§ **Input data**
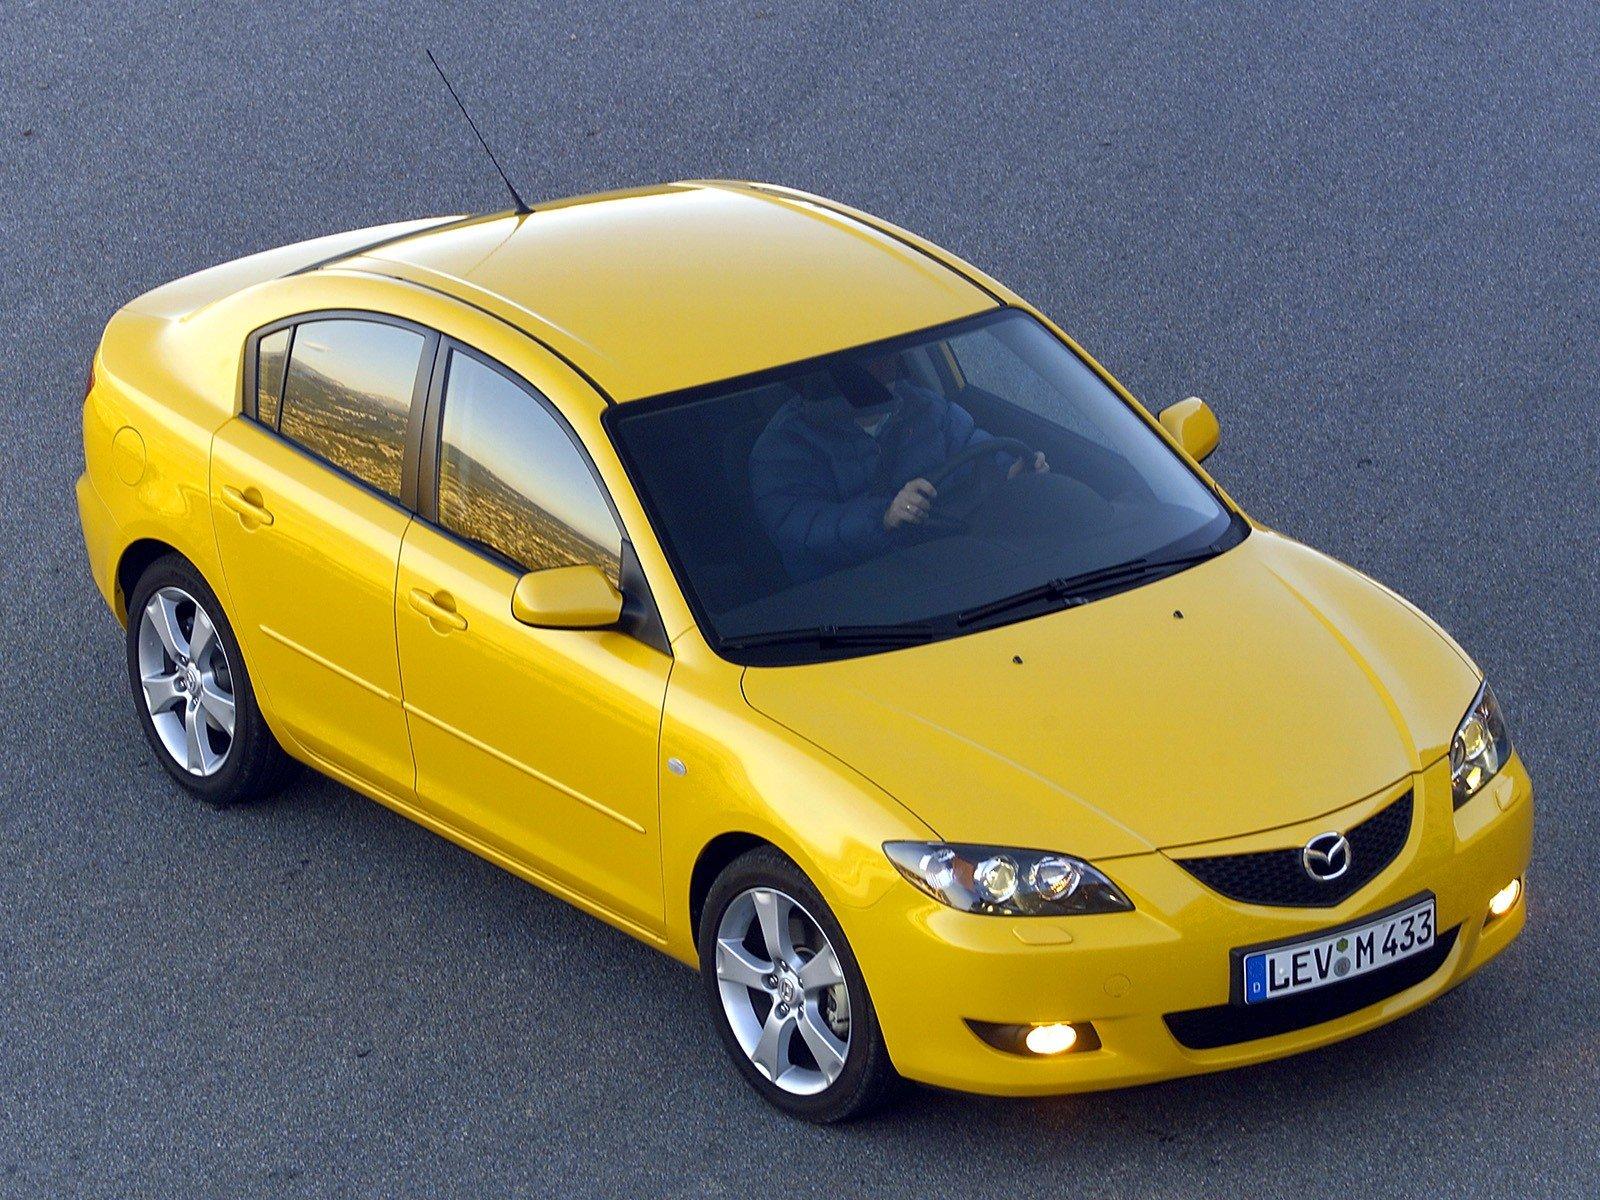 mazda 3 old yellow
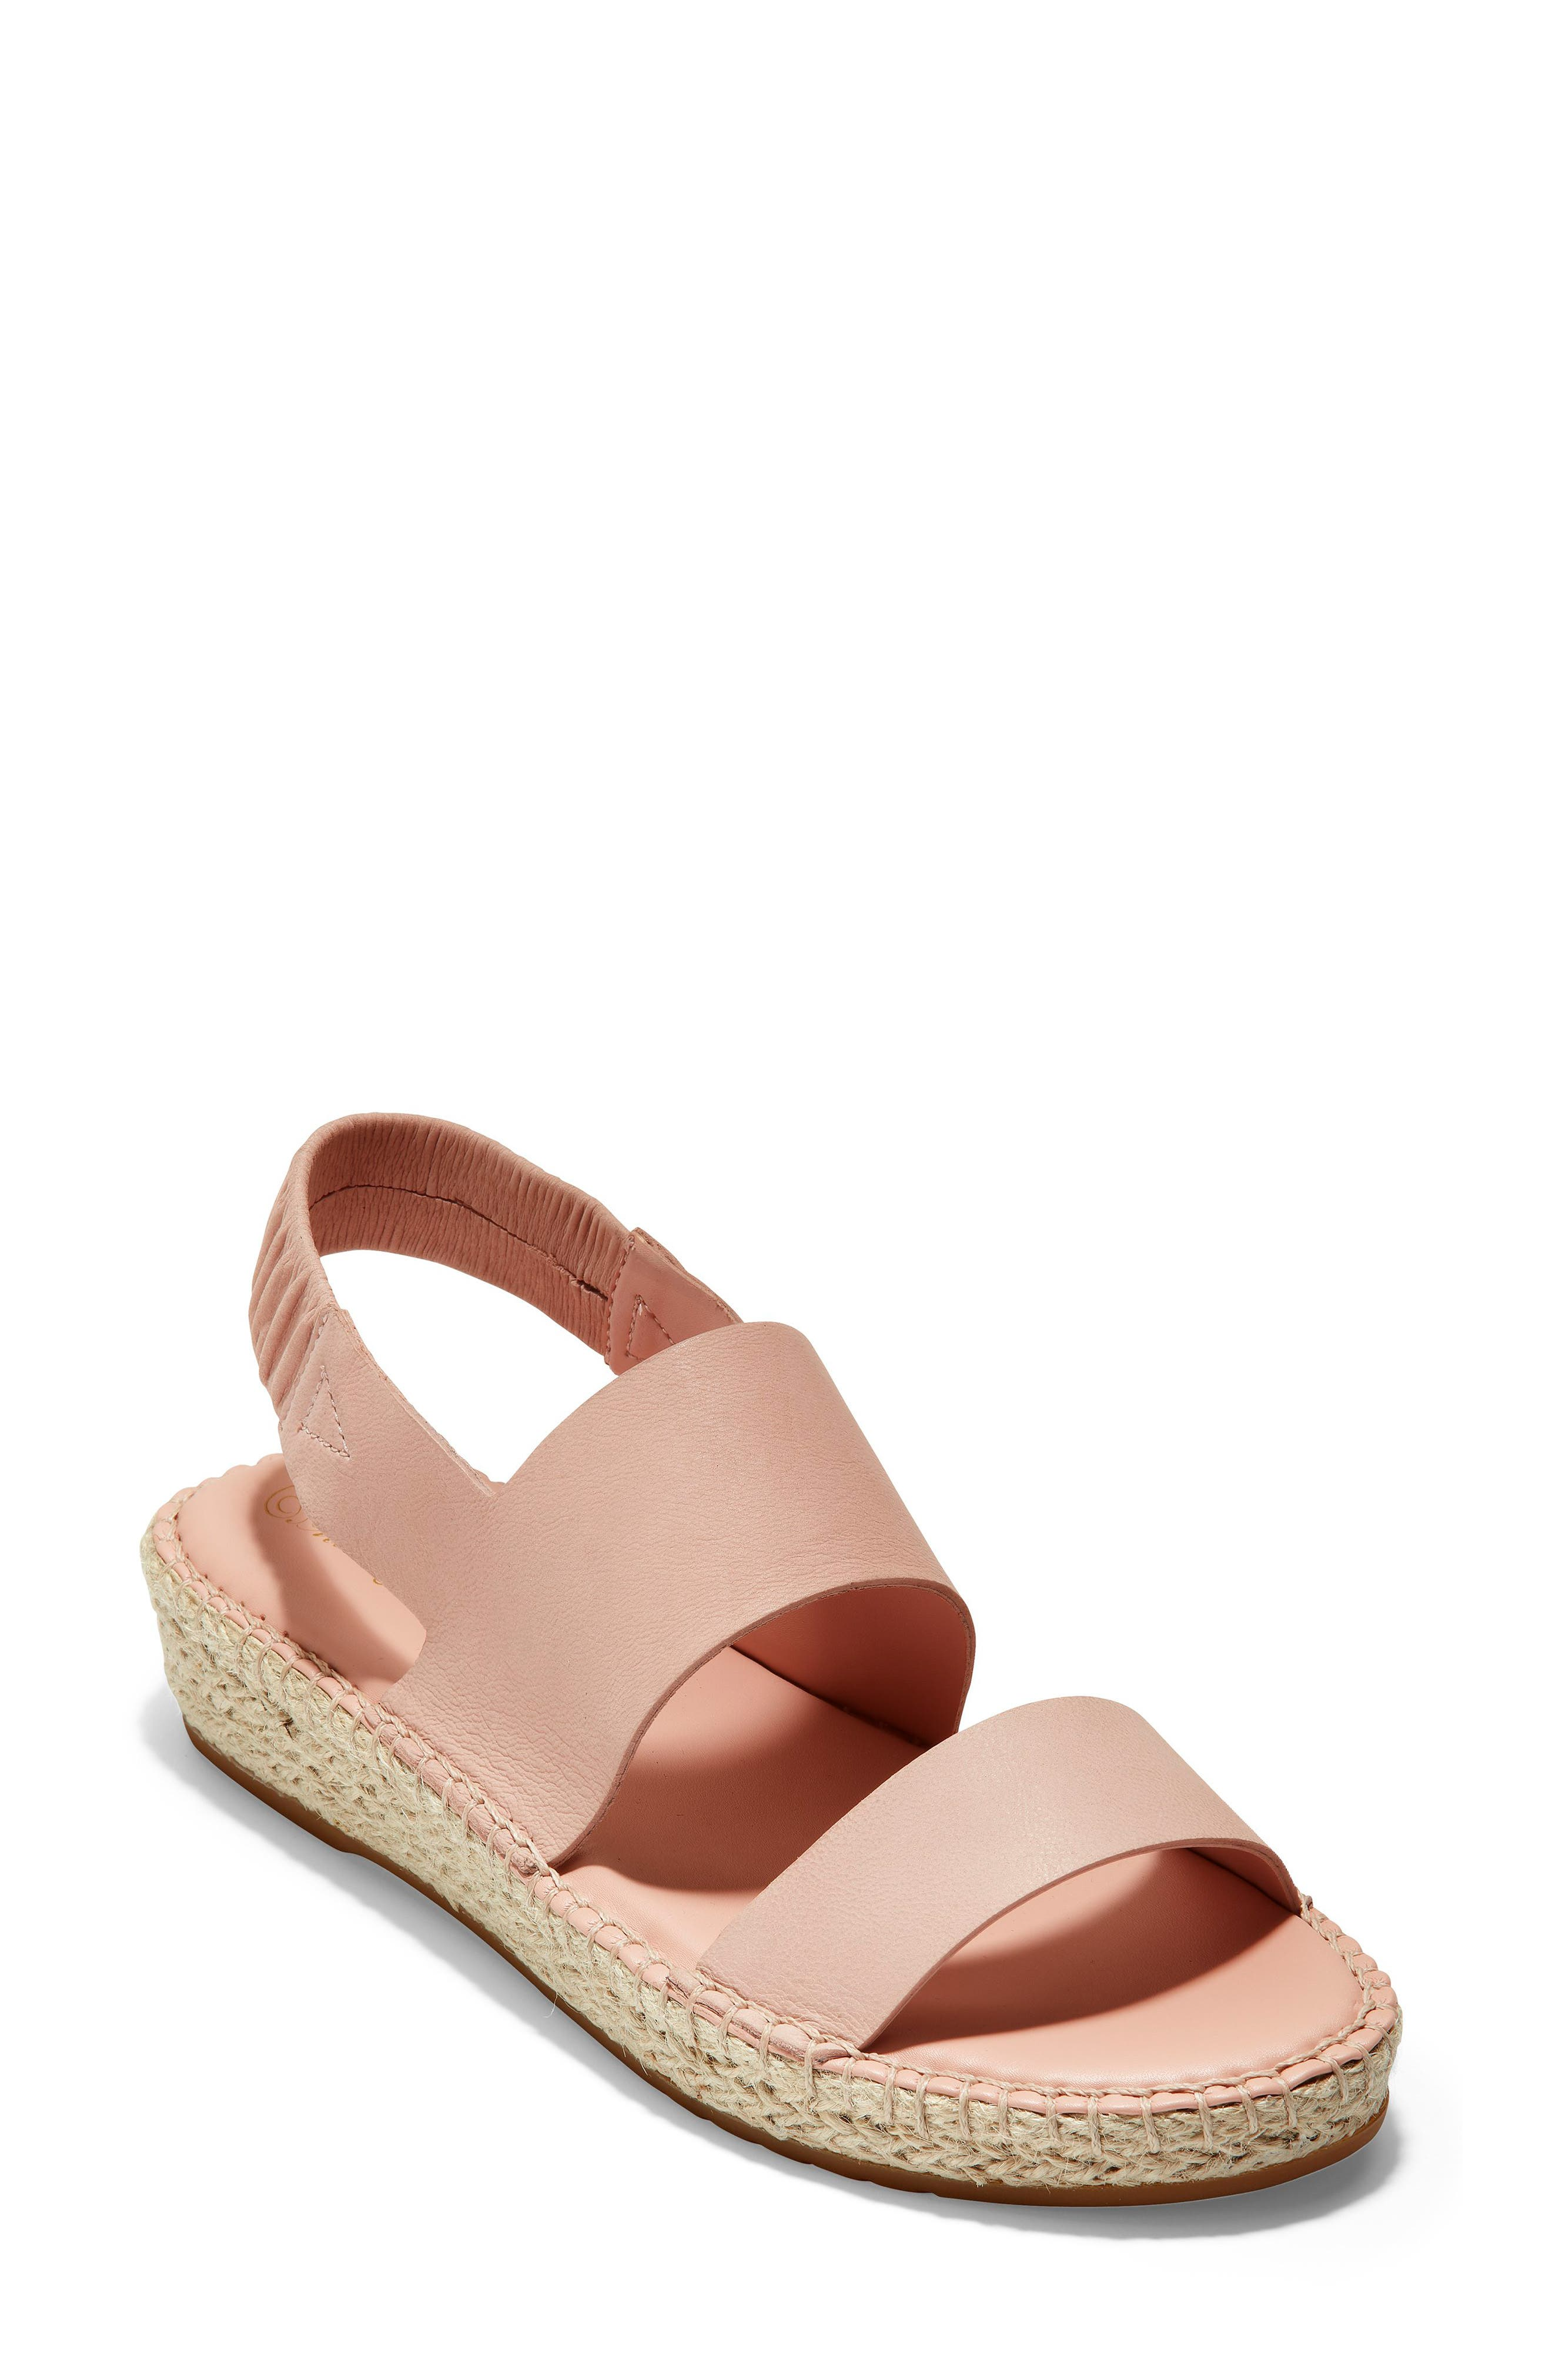 Little Girls Low Wedge Espadrille Woven Heels Floral Print Dress Shoes Sandals
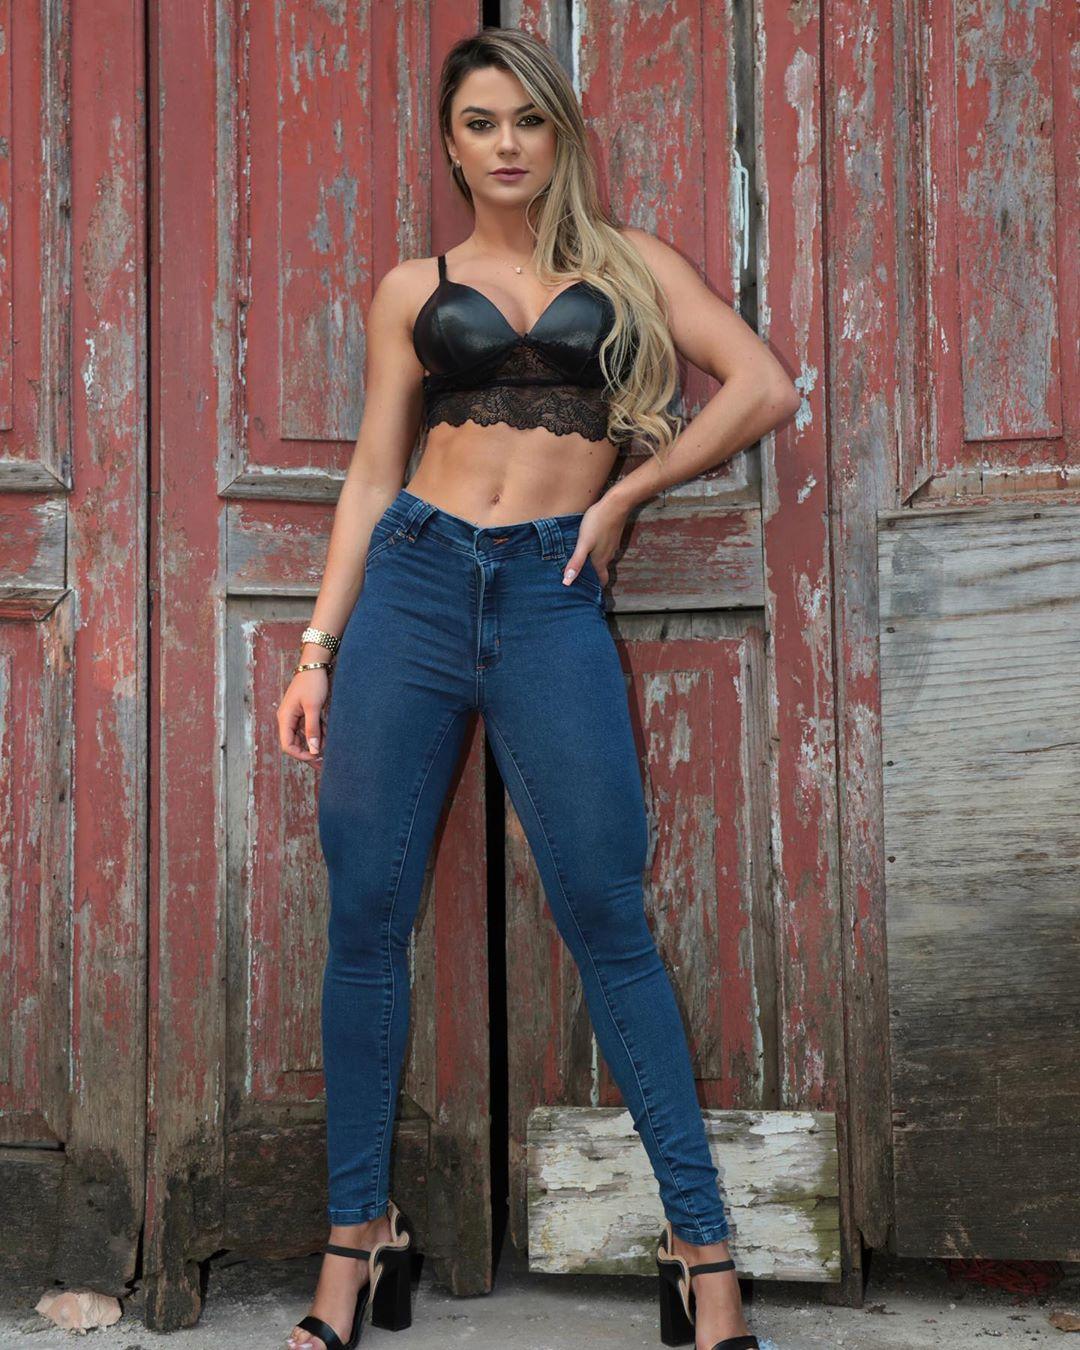 Amanda-Franca-Wallpapers-Insta-Fit-Bio-4

§ **Exercise aim**
Write each line exactly as it appears, from the line that holds "Little Girls Low" through the closing line of the data above, and leave every picture out.

§ **Task answer**
 Little Girls Low Wedge Espadrille Woven Heels Floral Print Dress Shoes Sandals
 Amanda-Franca-Wallpapers-Insta-Fit-Bio-4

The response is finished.